Datascience/AI Flywheel Hypothesis (Optional / Future)

Hypothesis

If LangListen helps users learn from their own content and their own errors, then (with explicit user opt-in) we can create a compounding loop:

Uploaded/selected content → generated practice → user engagement + corrections → better personalization → higher retention.

Longer term, tutor-informed data could be used to train a foundation model that is learner-aware speech and better at error detection** than generic AI models.

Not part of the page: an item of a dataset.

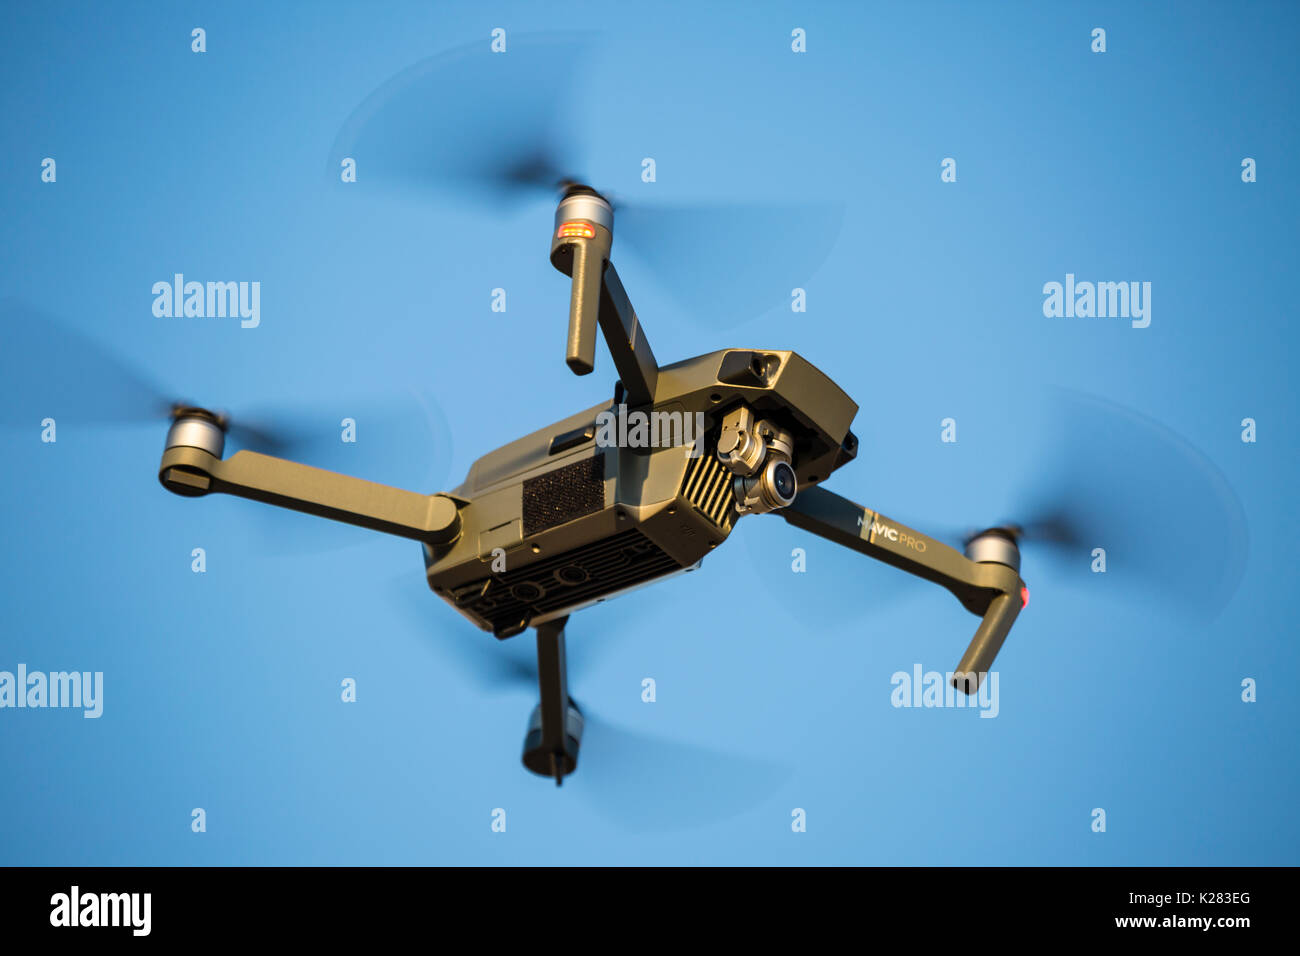 Mavic Pro quadcopter drone volando contra un cielo azul. Foto de stock

Why we believe it (evidence so far)

  • Tutors already track recurring errors and desire better tooling to do so.
  • Speech transcription is poor at detecting errors in speech – they always assume the speaker is fluent. Correct errors relies on tutors “labeling” errors.
  • Some platforms already provide basic summaries; there’s room to do it better and extend it into personalized practice.

Supporting quotes (interviews)

  • Error tracking is a real workflow:
    • “Eu tenho como um checklist… cada classe eu vou entender quantos erros sobre esse tema ele está fazendo…” — “I have it like a checklist… each class I’ll see how many mistakes on that topic they’re making…”
    • “Eu tenho muito boa memória… mas também anoto; deixo muito registrado no chat os erros recorrentes…” — “I have a very good memory… but I also write things down; I keep recurring mistakes well recorded in the chat…”
  • Product precedent (automated summaries exist):
    • “Os alunos que têm a assinatura do italki Plus têm o resumo de todas as aulas e de todos os erros…” — “Students who have the italki Plus subscription get the summary of all the lessons and all the mistakes…”
  • Constraint (current AI is generic; humans still needed):
    • “A IA ainda é muito genérica… não consegue pegar essas nuances de pronúncia; por isso que os professores são insubstituíveis, por enquanto.” — “AI is still very generic… it can’t pick up those pronunciation nuances; that’s why teachers are irreplaceable, for now.”

Tensions / counterevidence

  • This can easily become “ML theater” if it’s not tied to measurable product outcomes.
  • Privacy expectations around recordings are sensitive; this must be opt-in and value-led.

What must be true in the first 5 minutes

  • The loop starts with a simple, non-sci-fi value:
    • “This is my content, at my level, and it clearly adapts to what I struggle with.”

Metrics

  • Loop input: % users who upload/select content; % who correct/confirm errors or preferences.
  • Loop output: improvements in activation/retention for users with more feedback signals vs fewer.

Fastest tests (2-week sprint)

  • Ask directly in interviews:
    • “Would you opt in to saving your corrections to improve personalization for you?”
    • “What would make this feel safe and worth it?”
  • Start with “personal flywheel” (improves your experience) before claiming a global model advantage.

Decision rule (double down / deprioritize)

  • Double down if users willingly provide lightweight feedback signals and those signals correlate with higher engagement/retention.
  • Deprioritize if users don’t want to provide feedback, or if product outcomes don’t improve.